|Department of Public Information • News and Media Division • New York|
Press Conference by UN Office for Partnerships on Blouin Creative Leadership
Summit on Building a Globalization Platform
At a headquarters press conference today, United Nations Office for Partnerships Executive Director Amir Dossal said that each year since 2005 the Blouin Creative Leadership Summit provided a platform for innovators, experts, and Nobel laureates to find new ways of addressing the Millennium Development Goals.
Introducing summit founder Louise Blouin, Mr. Dossal said that the Millennium Development Goals belonged to all – to the world at large – and not just to Governments and the United Nations.
The summit, set to take place in New York City from 22 to 23 September, aimed to engage its participants in a dialogue to look at the impact of globalization within the frameworks of food sources and commodity issues, health issues, and business regulations, among others, Ms. Blouin said. In coordination with the United Nations Office for Partnerships, the summit would address the most critical issues of the twenty-first century surrounding economic recovery, global governance, environmental reform, foreign policy, poverty, development and technology, as well as their impacting consequences beyond borders.
Cultural respect was at the forefront of sending health and financial aid to countries in need, she said. “The Goals are complex, and touch a lot of people in different ways. Trying to make things simple when there is so much complexity is always a challenge.”
Understanding culture, stressed Ms. Blouin, was an important component in international problem solving. The international community could not send aid to Africa or other places in need if it did not simultaneously engage with the local culture and traditions, otherwise recipients would not effectively use what was given. “One cannot understand foreign policy without respecting the culture.”
While culture had many meanings, she said that its core meanings in this context were about tradition, soul, and what was important inside each individual. Culture was not just about where a group was today, but where its members had been and where they were going.
Another main goal of the summit was to look at the long-term effects of world problems, such as dwindling oil reserves and unsustainable food supplies. Instead of simply focusing on today, participants would envision what the world would look like in 15 to 20 years if a variety of action plans were followed – or not.
“What will happen if we do not feed certain parts of the world?” Ms. Blouin asked. “These food shortages engage violence on a local level, which in turn brings military action, then corruption, and then military action from other countries.”
In this way, she added, little problems would grow bigger and bigger every day. Food-related problems might have at their root issues of trade and efficiency, and solutions would involve technology, education, trade and cultural understanding. As another example, issues in the Middle East were not just about the Middle East, but were instead world issues, and must be addressed through cultural diplomacy.
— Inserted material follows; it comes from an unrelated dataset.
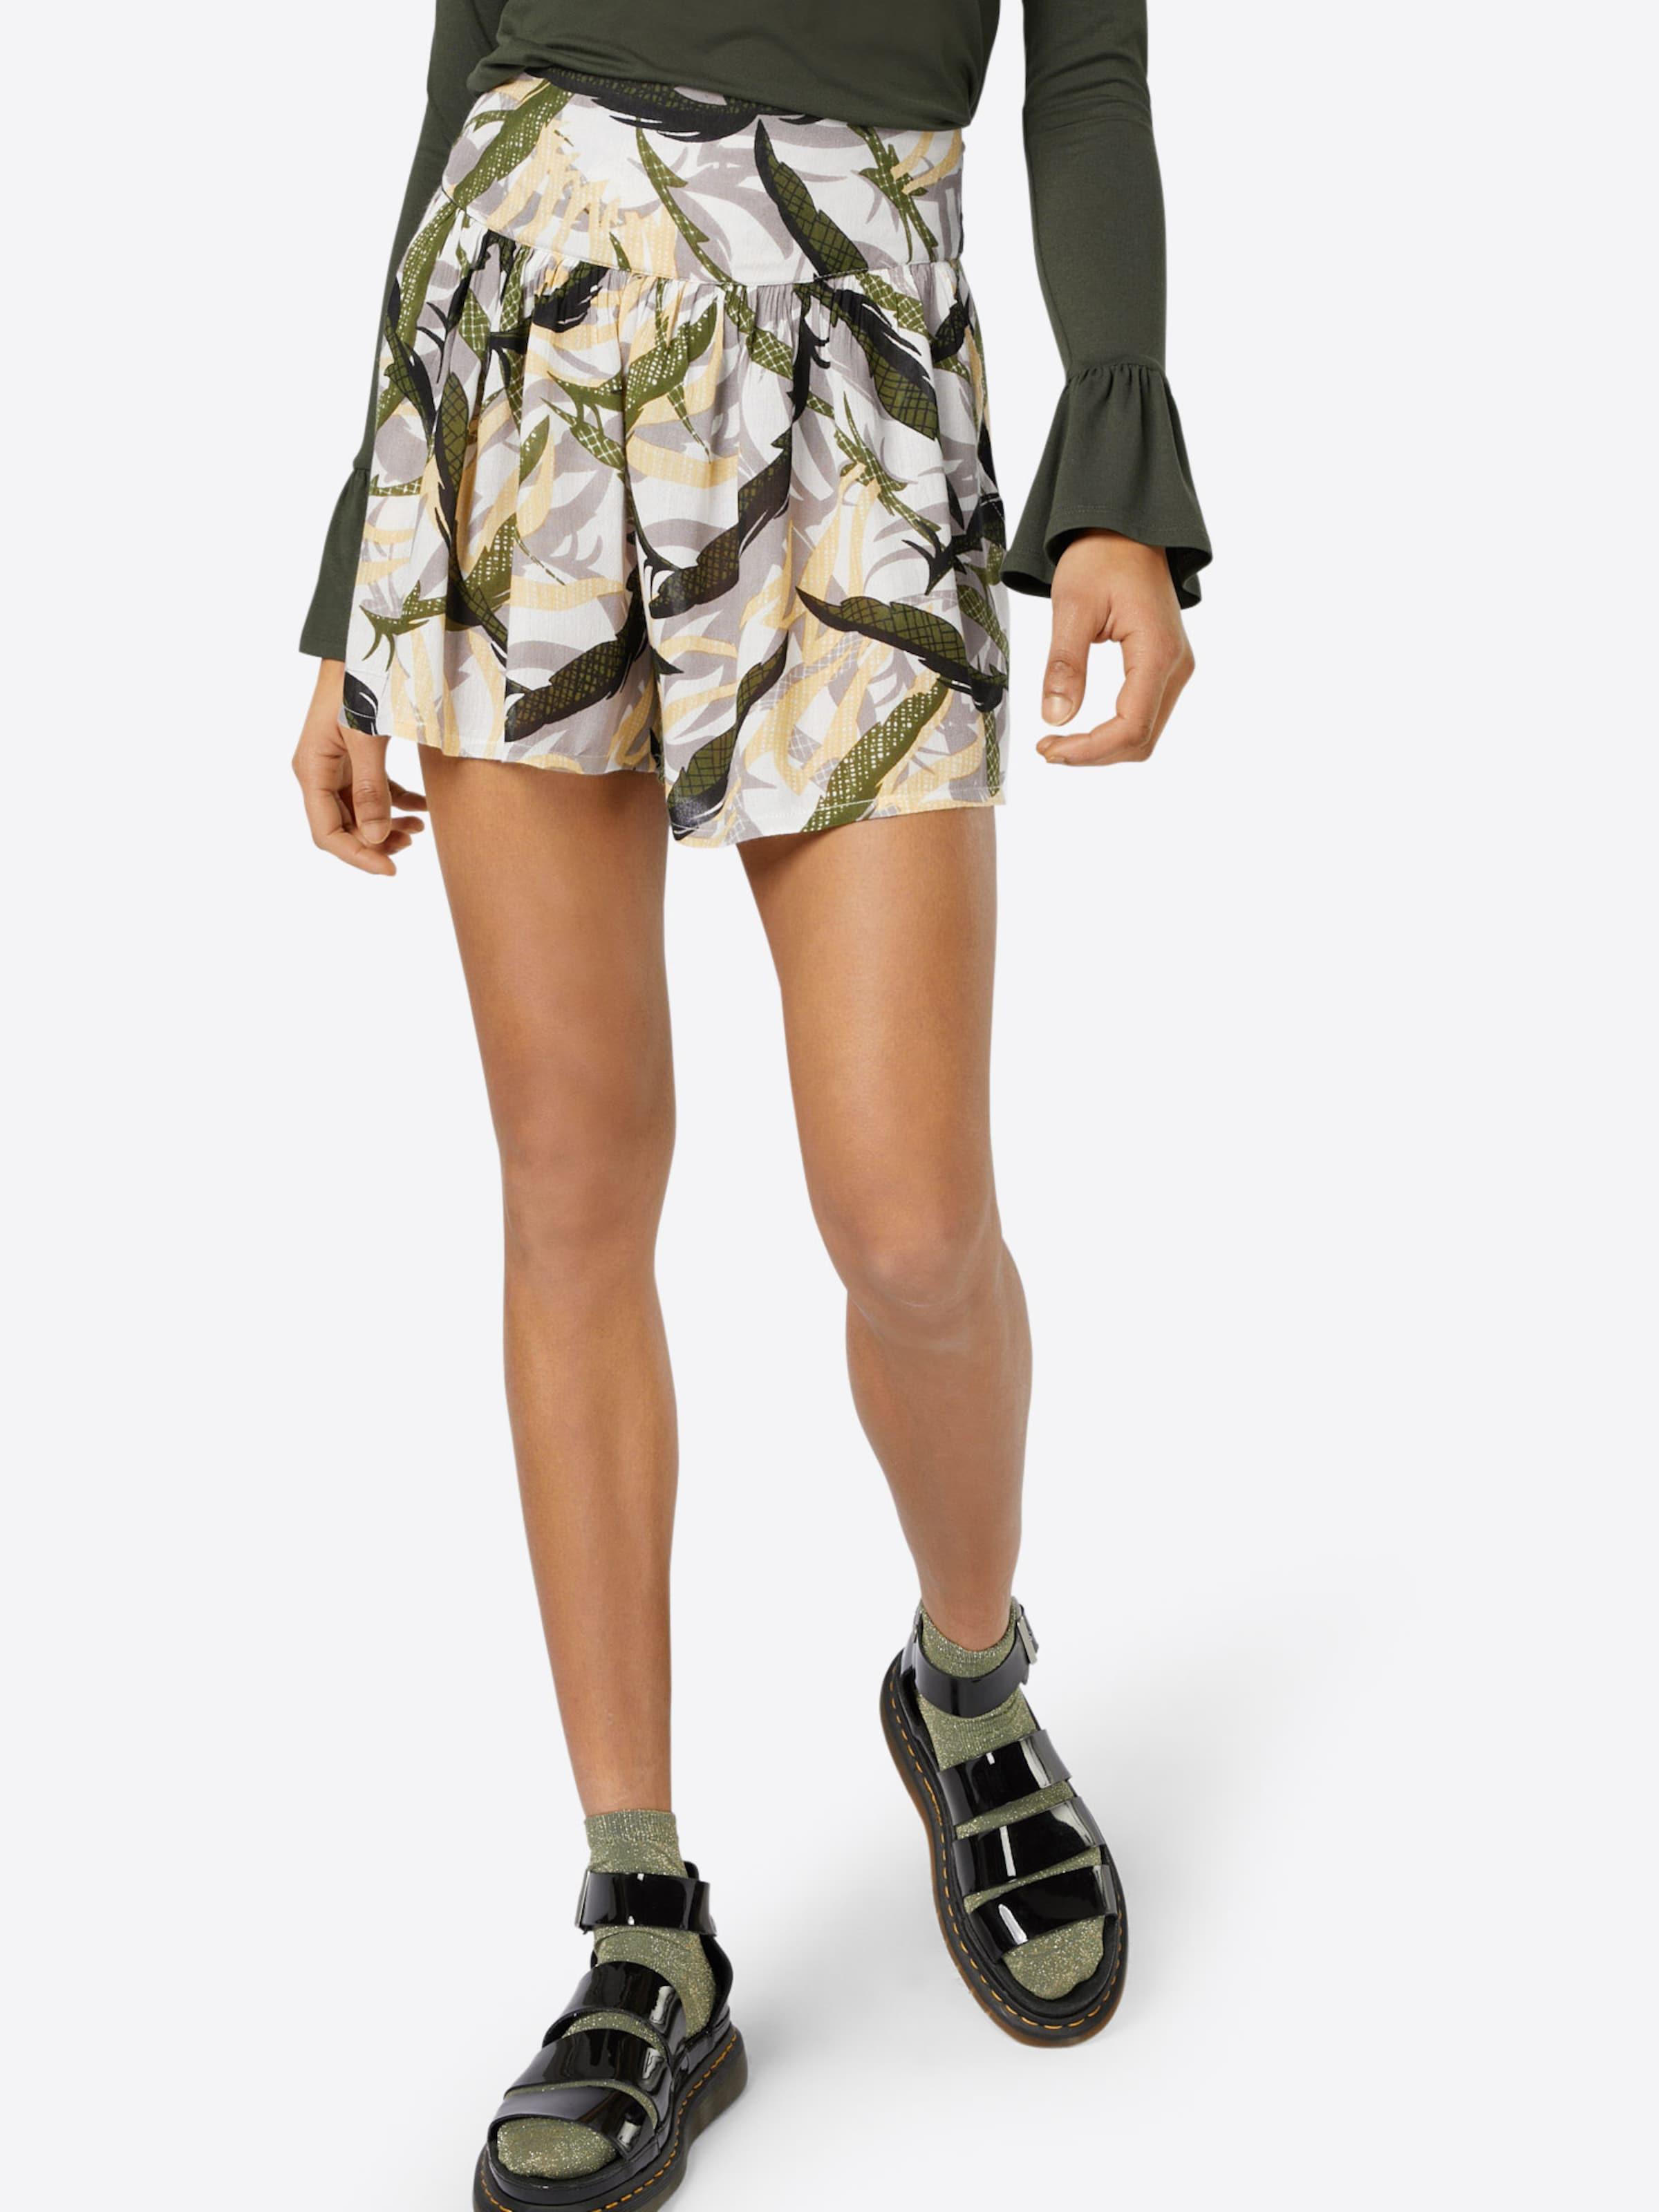 Shorts In 'naba' Mischfarben Desires Shorts Desires Desires Shorts 'naba' In Mischfarben MGUSVpqz

Not only innovators, but countries also had much to learn from each other as well, Ms. Blouin said. Assessing and improving the well-being of a region, for example, a variety of factors should be incorporated, she said, pointing to Bhutan’s “Happiness Index”. “It’s not just about money.”
She went on to say that the summit would be engaging more and more with Mr. Dossal and the United Nations Office for Partnerships. When bringing partners together, she said, it was important that each party bring something tangible to the table. This year’s summit would be attended by President Armando Guebuza of Mozambique, Prime Minister Jan Peter Balkenende of the Netherlands, Prime Minister Sukhbaataryn of Mongolia, media leader Arianna Huffington and many others.